Eligibility Criteria
Ages Eligible for Study
16 years to 83 years (Adult, Older Adult)
Accepts Healthy Volunteers
No
Genders Eligible for Study
All
Sampling Method
Probability Sample
Study Population
Patients suffering from an anterior circulation acute ischemic stroke eligible to mechanical thrombectomy using a BOBBY™ Balloon Guide Catheter will be screened consecutively by the enrolling center.
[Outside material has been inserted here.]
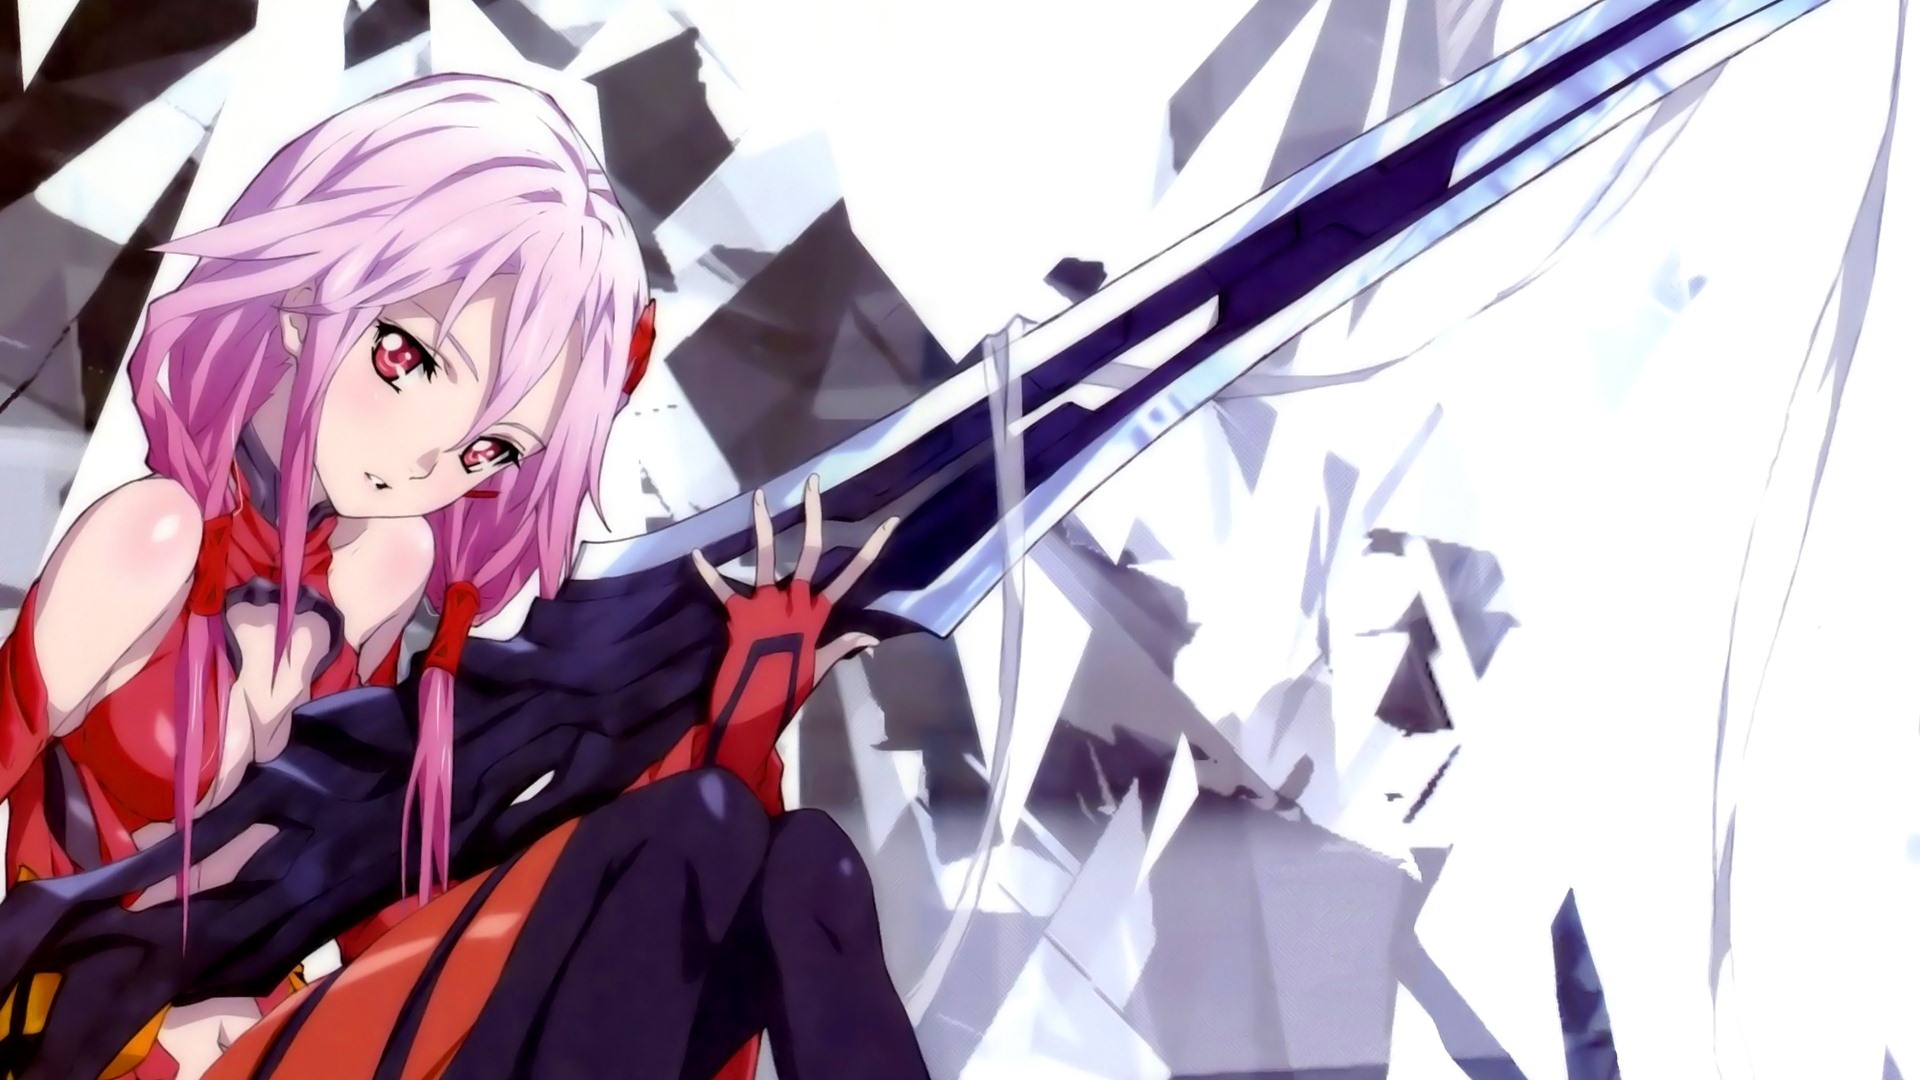 Free Download Guilty Crown Hd Wallpapers Anime Wallpaper Backgrounds Guilty Crown 19x1080 For Your Desktop Mobile Tablet Explore 46 Crown Wallpaper Wallcoverings Benjamin Moore Wallpaper Wallcovering Brick Wallpaper Wallcovering
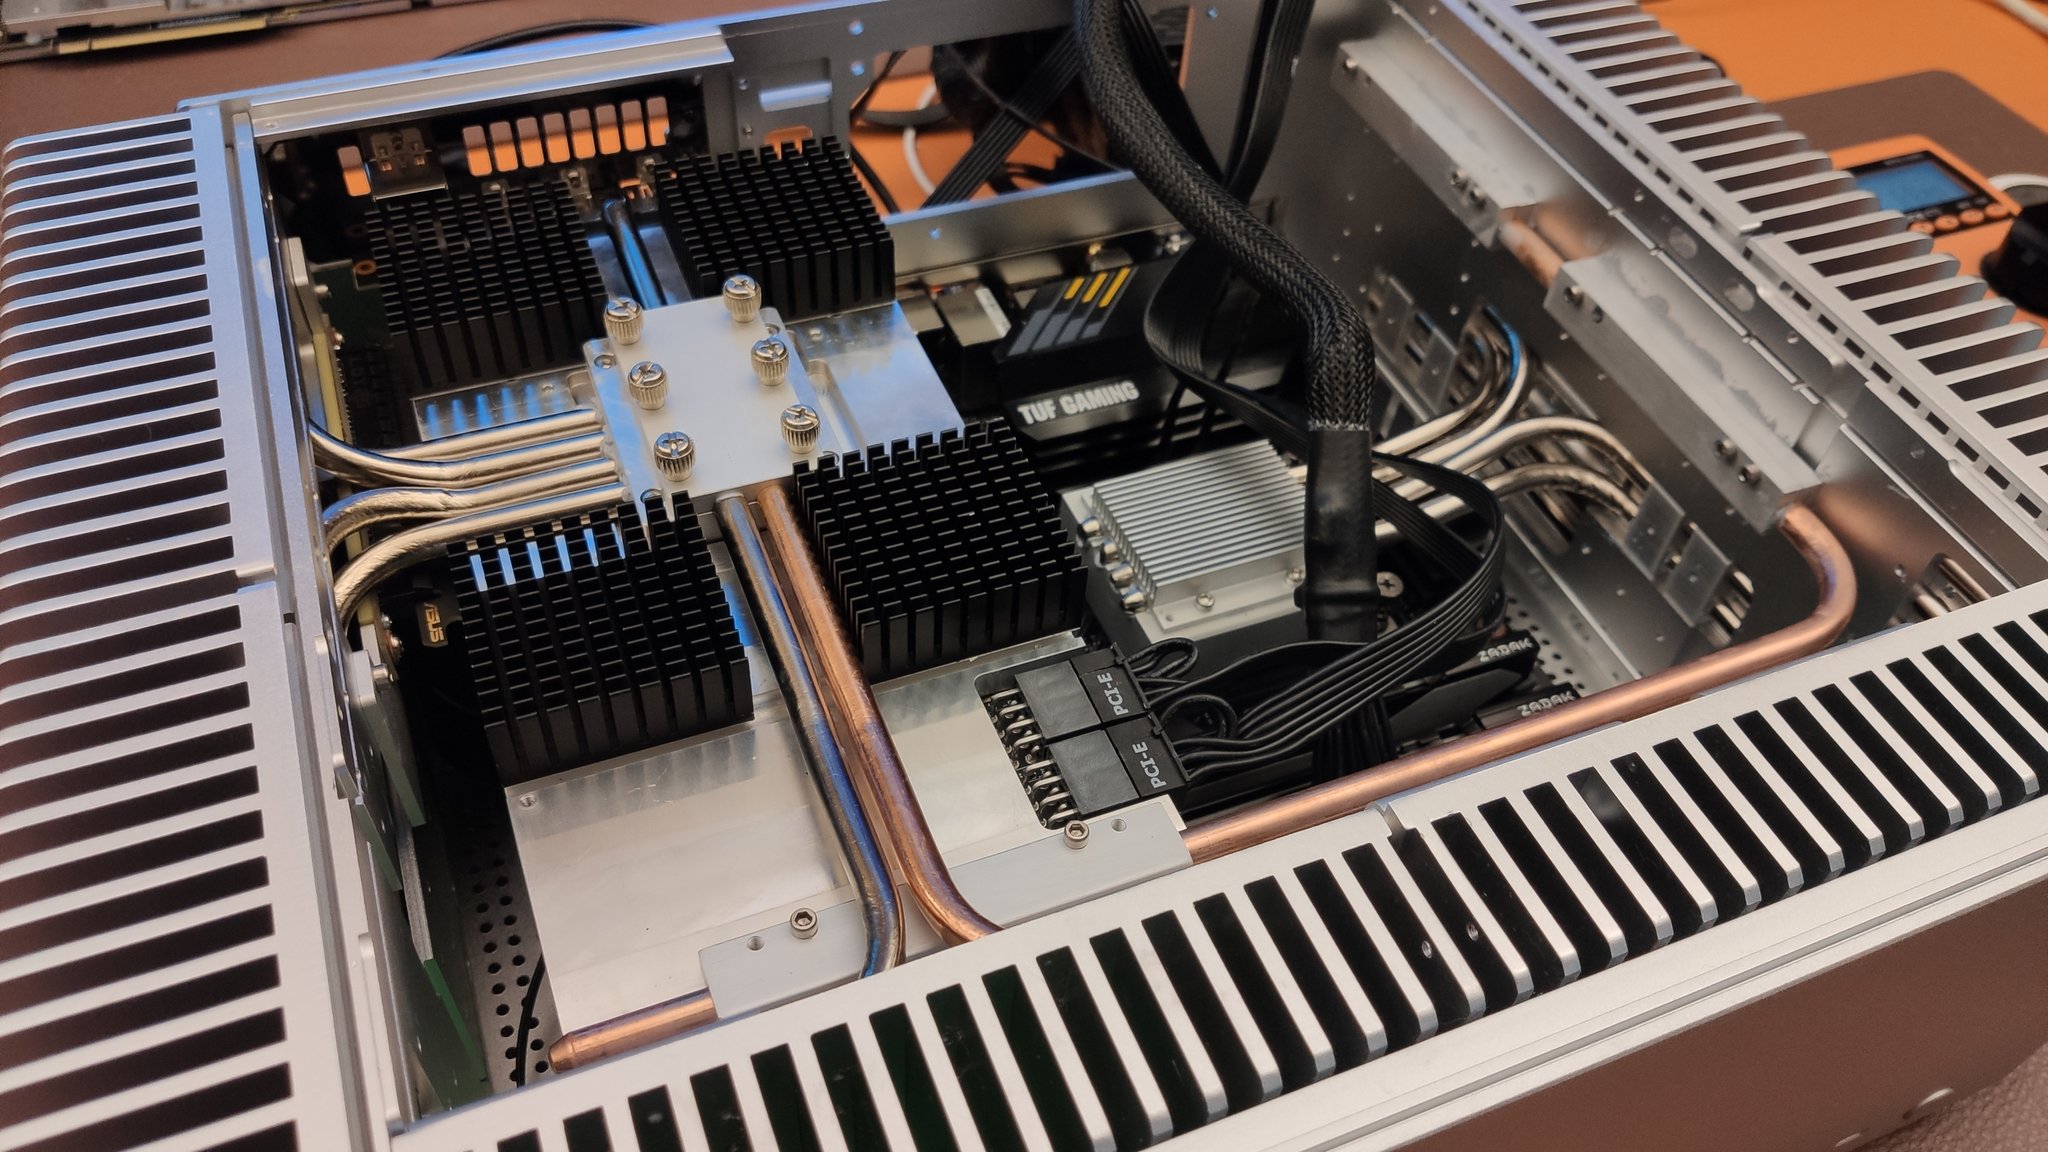 Passively-Cooled 3080 Comes Hefty Price | Tom's Hardware

The patients will be selected in accordance with inclusion and exclusion criteria.
Description
Inclusion Criteria:
- Patient is ≥ 18 and ≤ 85 years of age
- Informed consent by the patient or legal authorized representative for data collection is obtained
- Patient eligible for the mechanical thrombectomy treatment with adjunctive use of the BOBBY™ BGC
- Patient presenting with an anterior circulation large-vessel occlusion of distal internal carotic artery (ICA ) through proximal M2 confirmed by computed tomograph angiography (CTA), magnetic resonance angiography (MRA), or digital subtraction angiography (DSA).
- Core-infarct volume of Alberta Stroke Program Early CT Score (ASPECTS) ≥ 6 based on baseline CT or MR imaging
- Treatment initiated (groin puncture) within 8 hours of symptom onset.
- Patient with a pre-treatment National Institutes of Health Stroke Scale (NIHSS) score ≥5
- Patient with no personal condition disabling the site to contact him/her at 90 days after procedure
Exclusion Criteria:
- Patient has evidence of cerebral ischemia in the posterior circulation
- Patient presents severe unilateral or bilateral carotid artery stenosis requiring stent treatment during the procedure
- Pregnancy or breastfeeding
- Patient presents other serious medical illness (e.g., cancer) with estimated life expectancy of less than 3 months
- Patient has a planned procedure that may cause non-compliance with the protocol or confound data interpretation
- Patient is already participating in an investigational drug or device trial (change routine care of the patient)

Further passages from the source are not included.